Name Quantity Cost/Share
Stuart (S. Gould) 3923 $10
Jay (Gould) 3923 $10
The purchase price was paid through delivery to the Sellers of the personal notes of the respective purchasers.
5. On or about June 7, 1974, Jay requested Stuart to assume the responsibilities of Jay under the purchase agreement of April 24, 1974, to take the number of shares allocated thereunder to Jay and to pay the notes of Jay delivered as consideration for such shares as the notes came due. Stuart, who is the father of Jay, agreed to do so. Such agreement is not evidenced by any writing subscribed by the defendants, but is acknowledged by both of them to have taken place. Jay filed with the Securities and Exchange Commission a contemporaneous Form 4 reporting the disposition of the said 3923 shares as a "Private Sale" consummated on June 7, 1974 at a price of $10 per share. Stuart filed with the Securities and Exchange Commission a contemporaneous Form 4 reporting the acquisition of the said 3923 shares as a "Private Purchase" consummated on June 7, 1974 at a price of $10 per share.

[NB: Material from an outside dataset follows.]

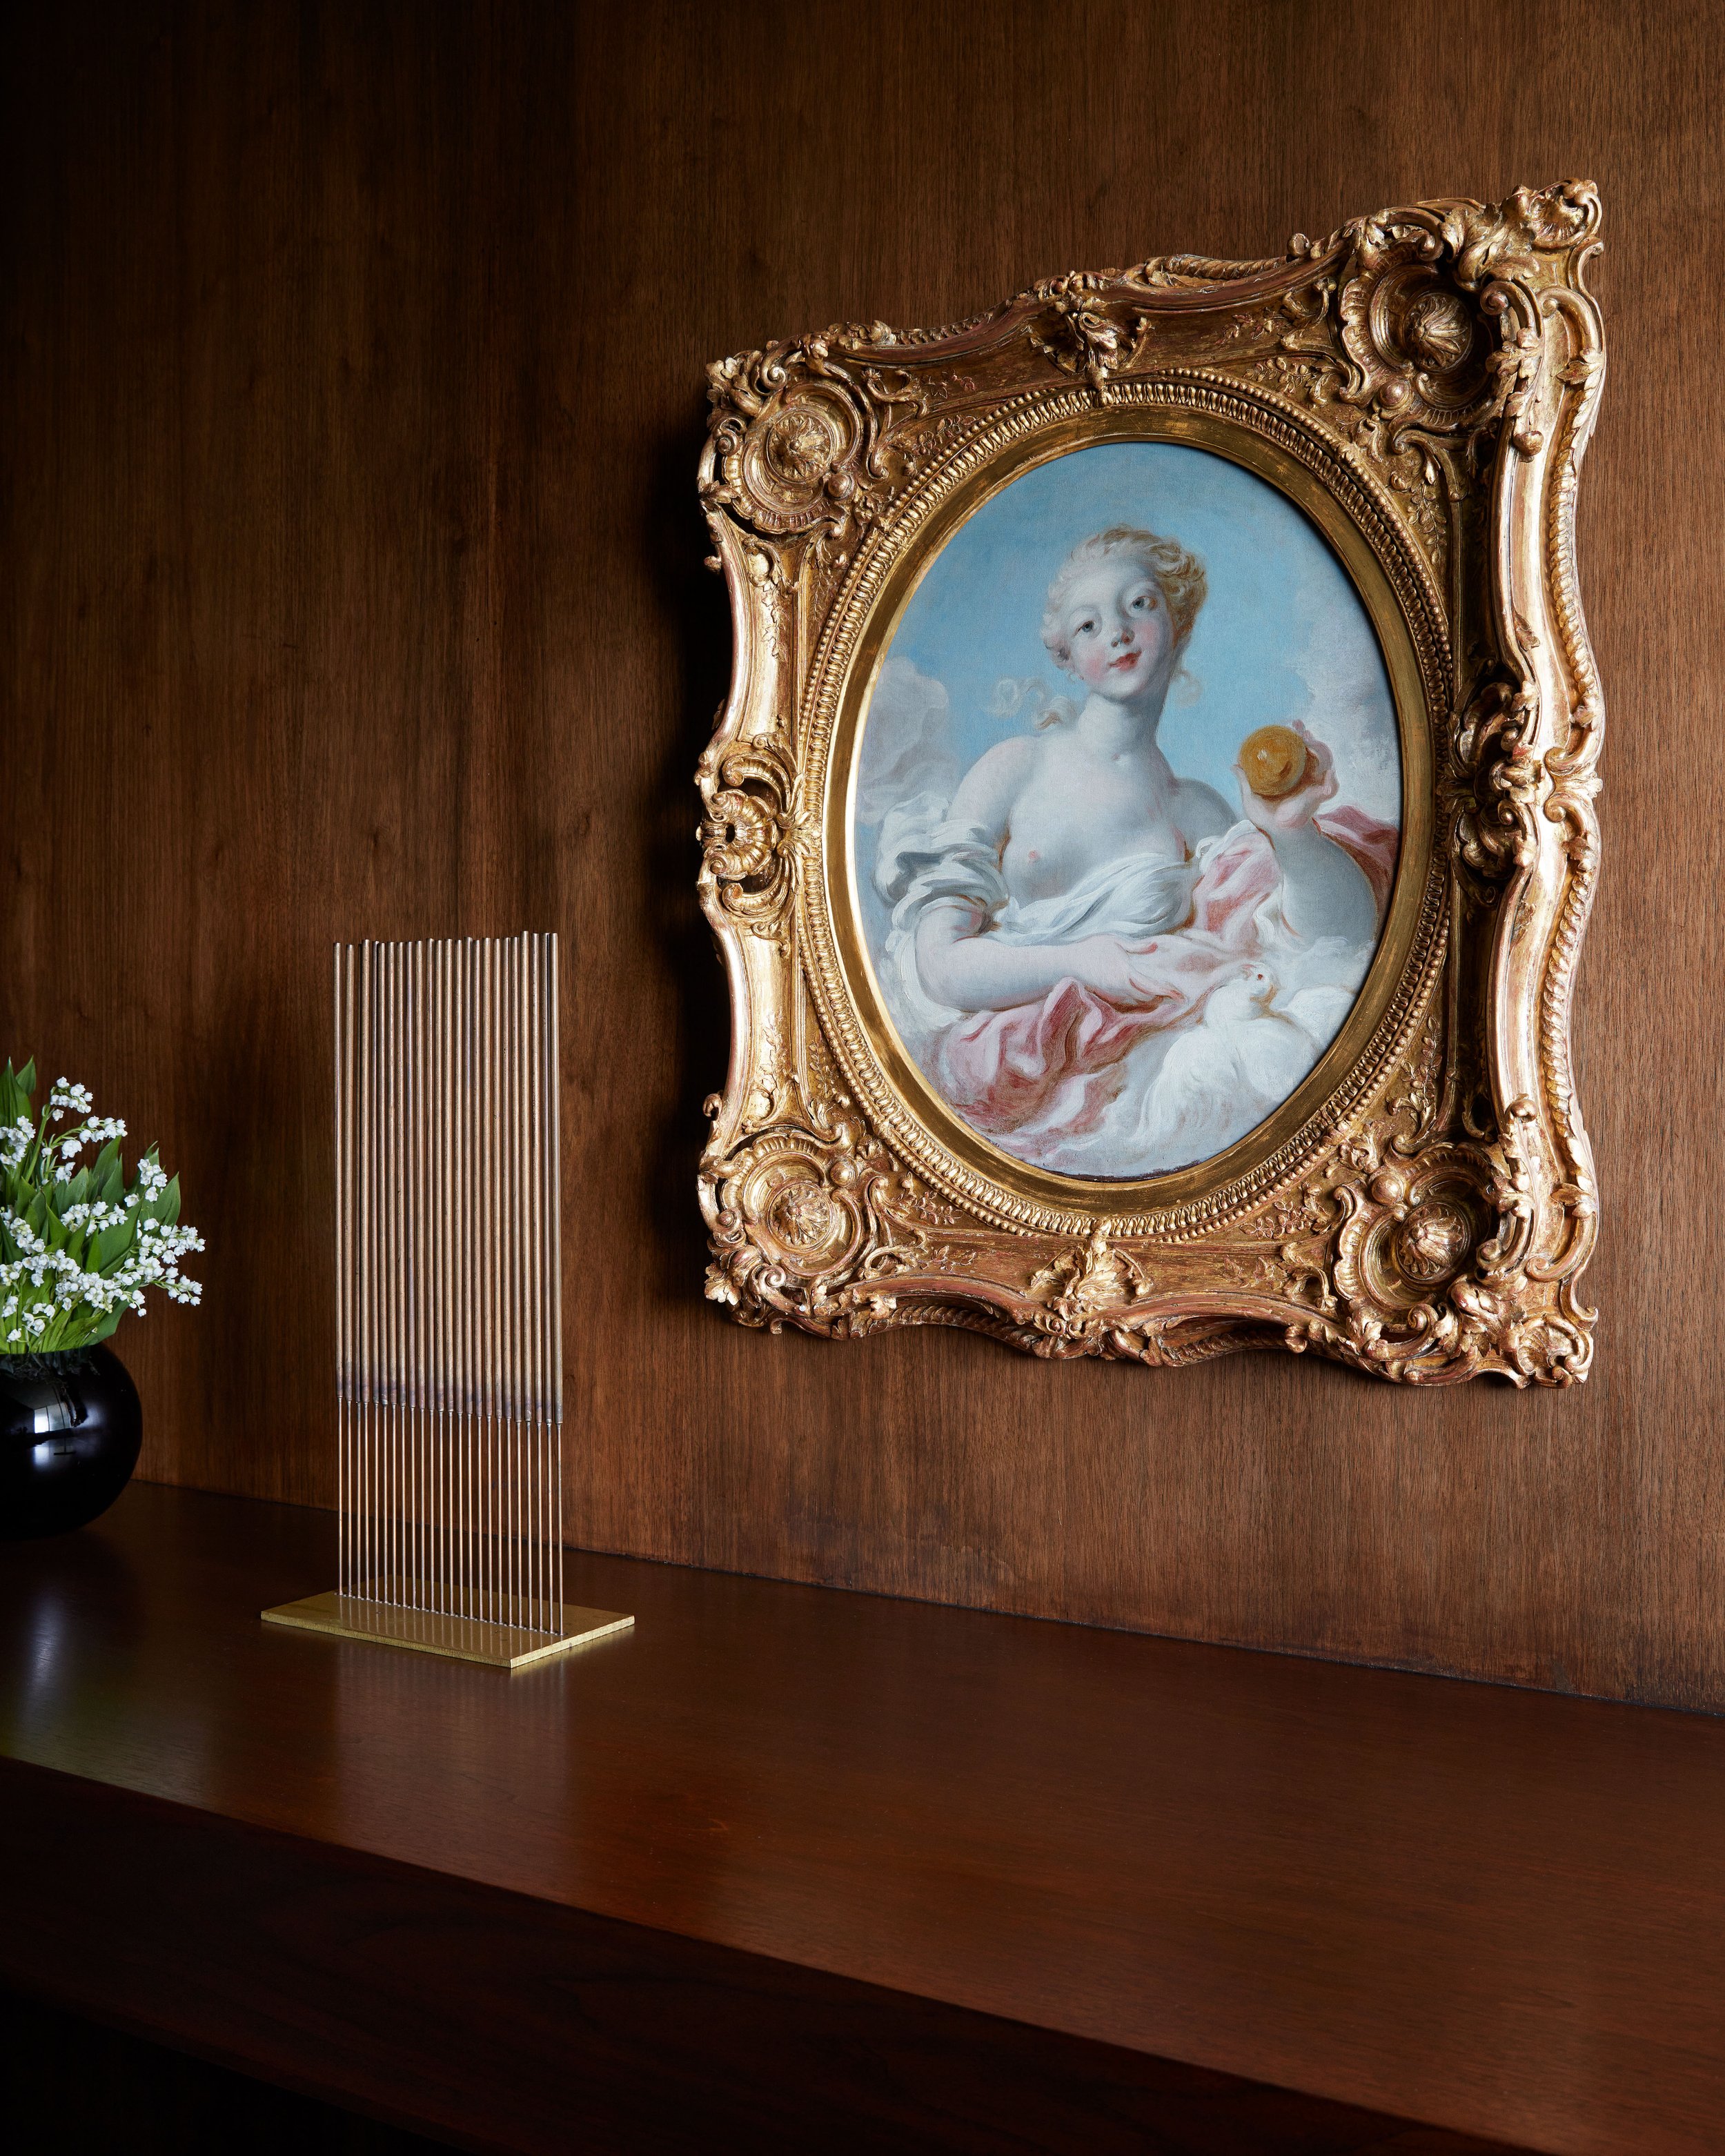  Jean-Honoré&nbsp;Fragonard,  Portrait said to be Mademoiselle Marie-Catherine Colombe as Venus , n.d. Richard Neutra's Brown House, Los Angeles

6. On or about March 12, 1975, prior to the due date of any note delivered as consideration to the sellers, Jay and Stuart agreed that Jay would reassume his obligation to take 1962 shares and his obligation to pay the notes relative thereto when due and that Stuart would be relieved of those obligations.
7. On or about April 1, 1975, prior to the due date of any note delivered as consideration to the sellers, Jay and Stuart agreed that Jay would reassume his obligation to take an additional 1963 shares and his obligation to pay the notes relative thereto when due and that Stuart would be relieved of those obligations.
8. Jay and Stuart filed with the Securities and Exchange Commission contemporaneous Forms 4 reporting the disposition by Stuart as "Private Seller" and the acquisition of Jay as "Private Purchaser" consummated on March 12, 1975 and April 1, 1975 at prices of $10 per share. Thereafter in June of 1976 amendments to the said Forms 4 for the months of March, 1975 and April, 1975 were filed.
9. Defendant Stuart at times relevant to this action, purchased inter alia, the following Securities of the Trust:
Date Quantity Cost/Share
10/23/74 2000 $4.50
12/13/74 100 4.25
12/20/74 500 4.00
12/31/74 100 3.50
1/6/75 100 3.25
1/9/75 1000 3.25
1/20/75 100 4.25
5/9/75 100 4.25
5/14/75 100 4.25
5/23/75 100 4.25
6/6/75 100 4.25
6/18/75 100 4.00
6/25/75 200 3.87
6/27/75 100 4.00
7/7/75 100 4.00
9/8/75 100 4.00
Defendant Stuart purchased additional Securities of the Trust at times relevant to this action, all such purchases at a cost per share higher than that paid for the above listed Securities. Plaintiff makes no claim of liability with respect to such other transactions.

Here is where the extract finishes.